Most upvoted comments

Yes, I tested without a custom ami using amazon Linux , I spun up a machine added the necessary tools and then generated an image. The image isn’t public at the moment. It seems to be an issue with the intel mpi repo as well. The imported key wasn’t checking properly.

On Mon, Sep 30, 2019 at 4:12 AM Enrico Usai notifications@github.com wrote:

Hi @medcelerate https://github.com/medcelerate thank you for your analysis and your logs.

I see you are using a custom_ami. It could be a problem related to your custom ami.

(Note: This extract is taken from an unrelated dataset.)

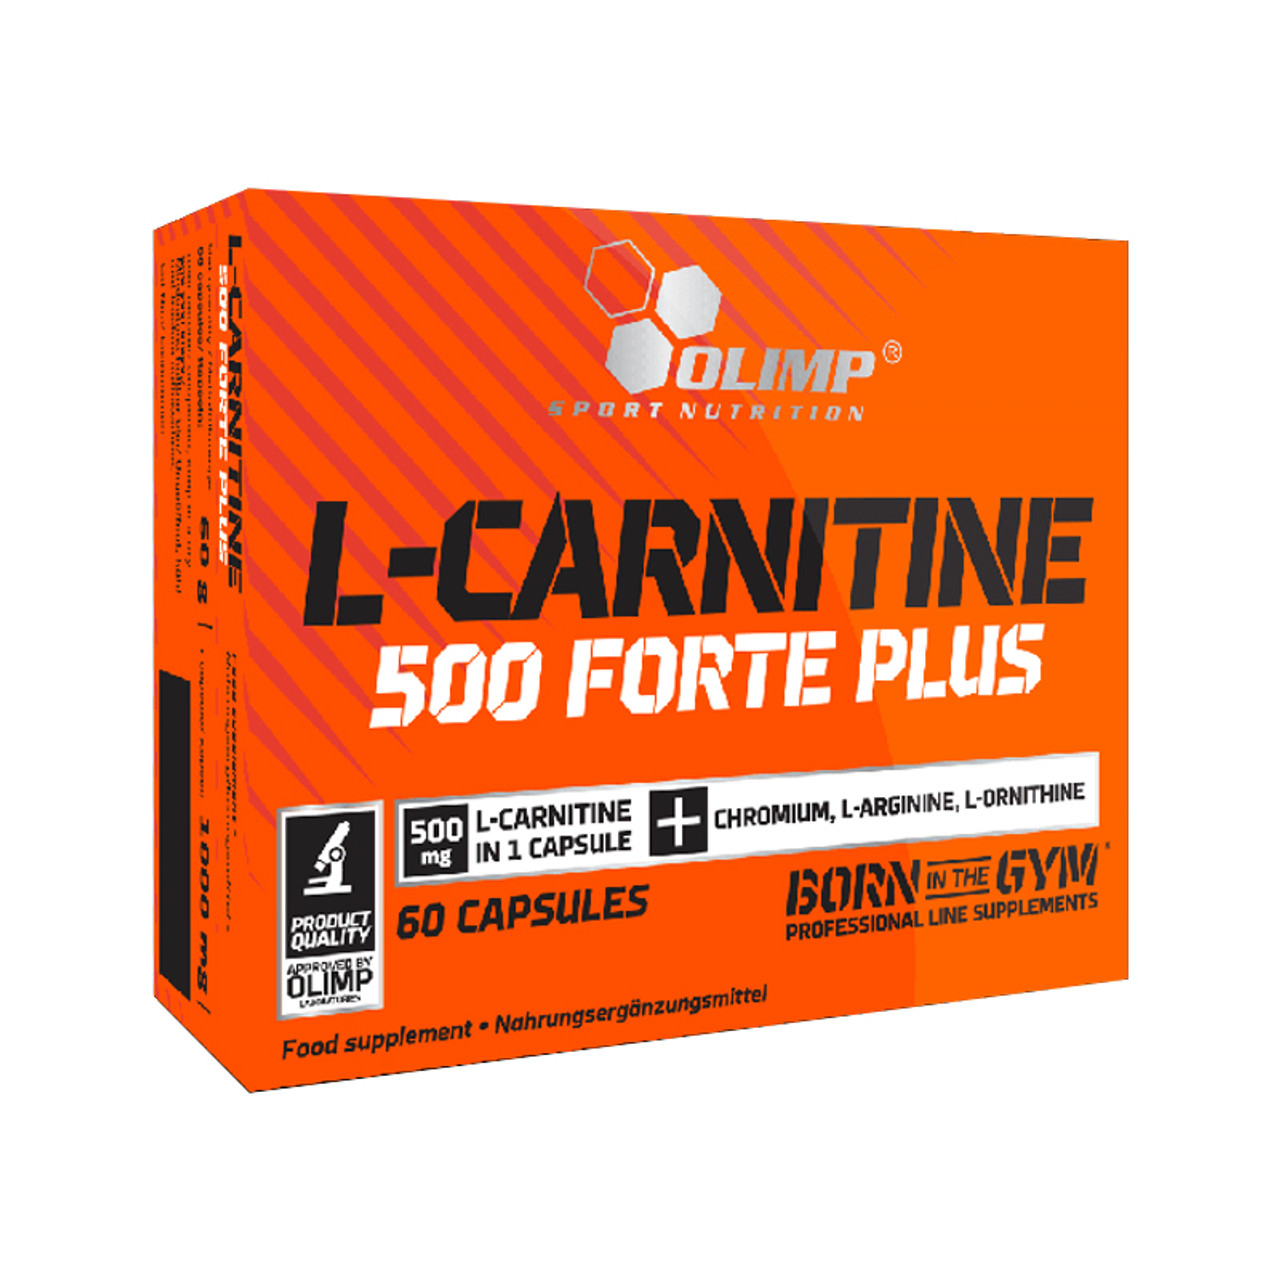 Olimp - L-CARNITINE 500 FORTE PLUS - 60 CAPS
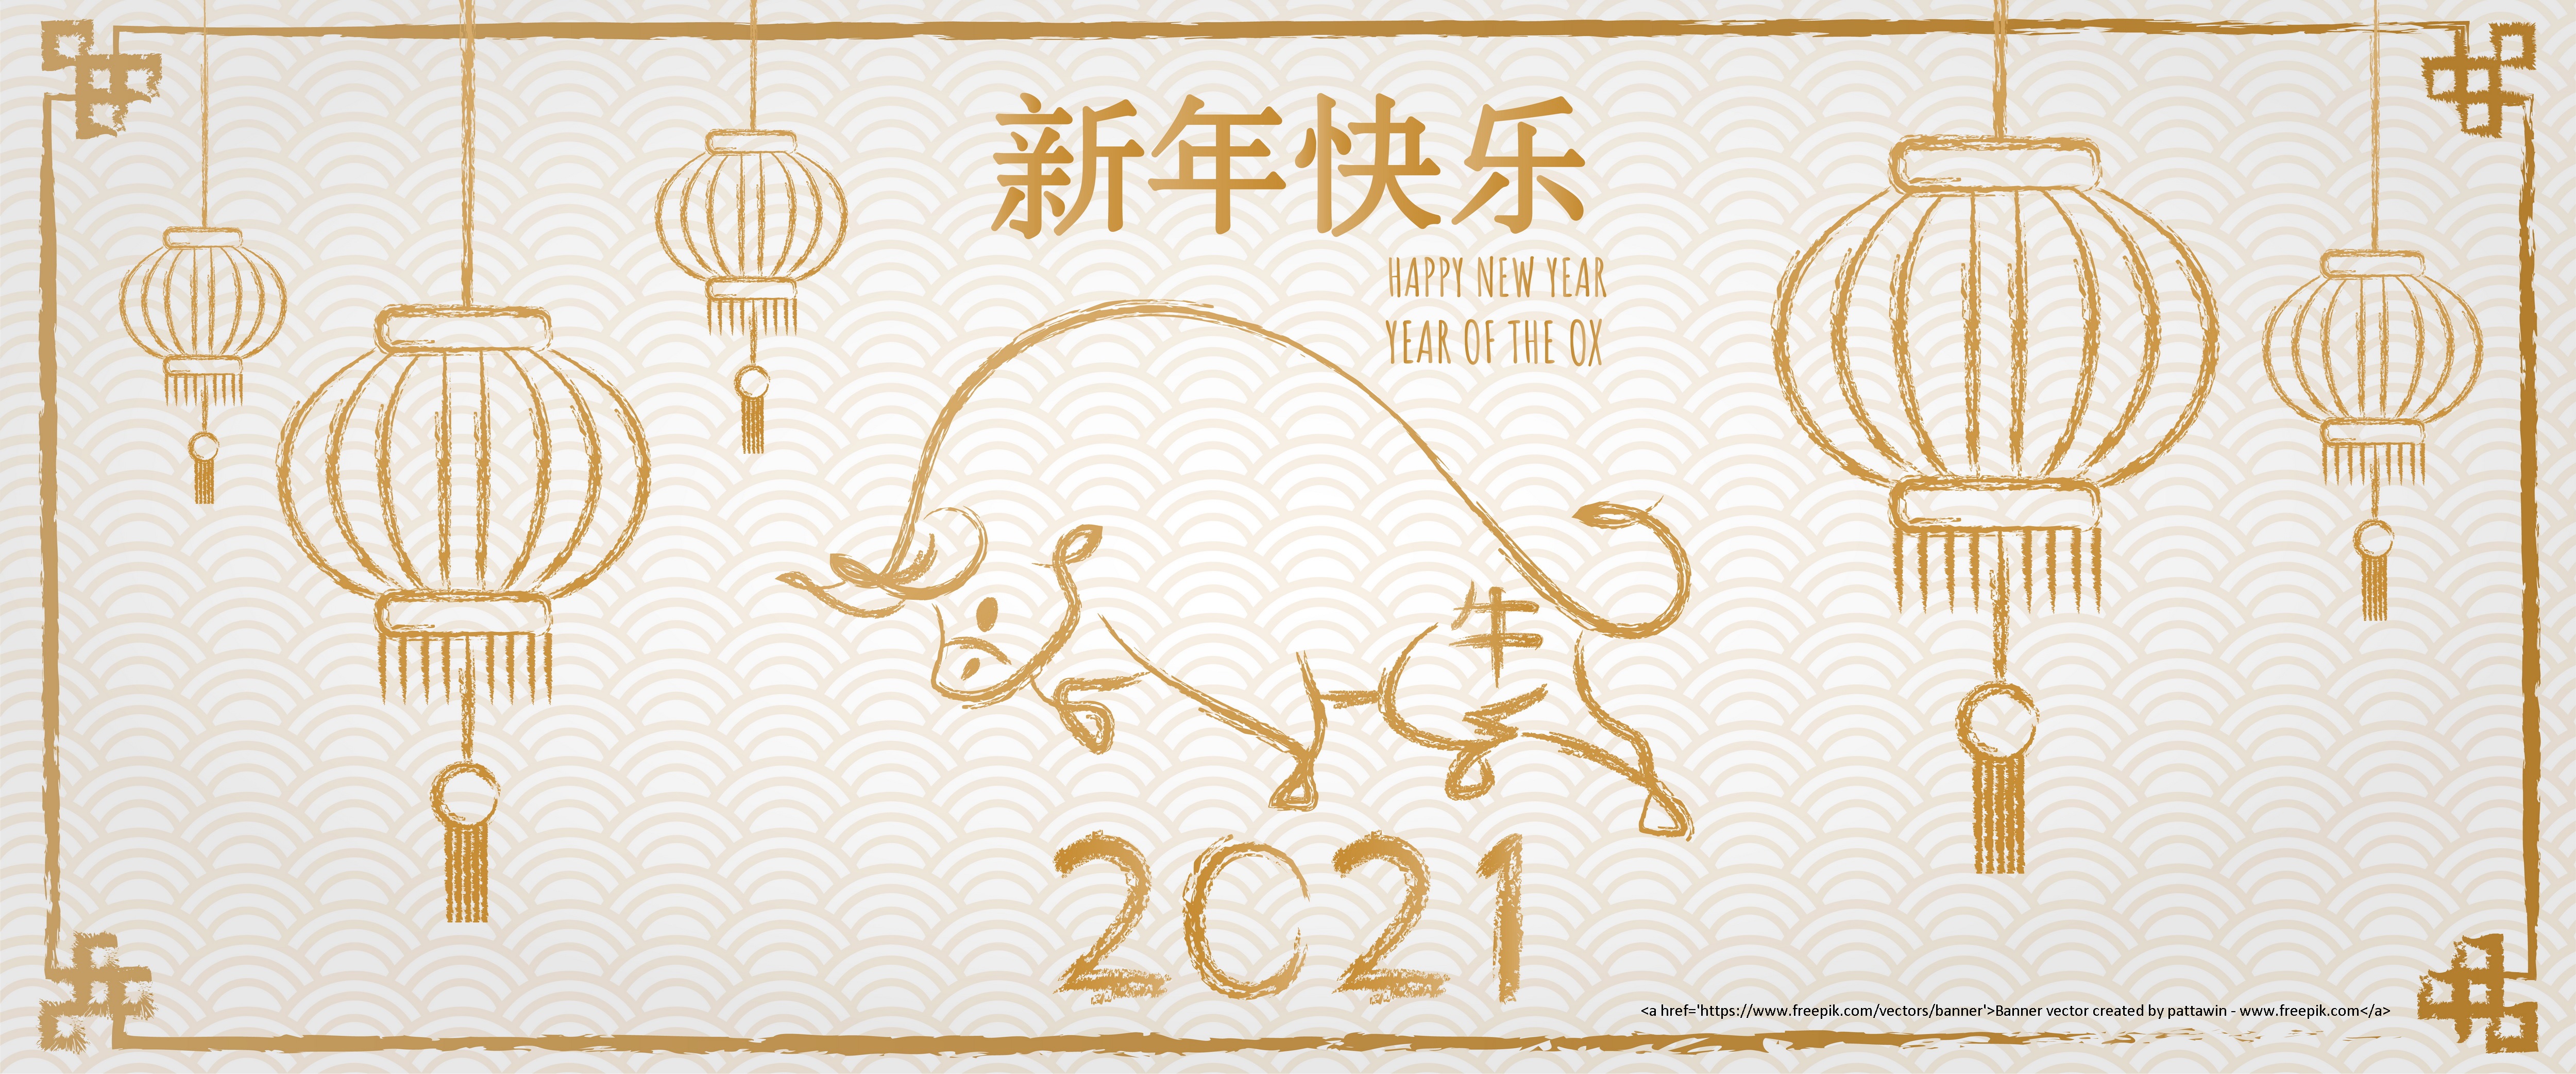 2021 Lunar New Year holiday

  1. Did you test without the custom_ami parameter?
  2. Which https://docs.aws.amazon.com/parallelcluster/latest/ug/tutorials_02_ami_customization.html process did you follow to build your custom AMI?
  3. Which is the source AMI Id of your AMI (if is it public)?

Thank you

— You are receiving this because you were mentioned. Reply to this email directly, view it on GitHub https://github.com/aws/aws-parallelcluster/issues/1334?email_source=notifications&email_token=AHYKRGNA235FYN7RYPPWBSDQMGYG7A5CNFSM4I3HHWCKYY3PNVWWK3TUL52HS4DFVREXG43VMVBW63LNMVXHJKTDN5WW2ZLOORPWSZGOD742BBI#issuecomment-536453253, or mute the thread https://github.com/notifications/unsubscribe-auth/AHYKRGOHJFIFPLUBVJKEIV3QMGYG7ANCNFSM4I3HHWCA .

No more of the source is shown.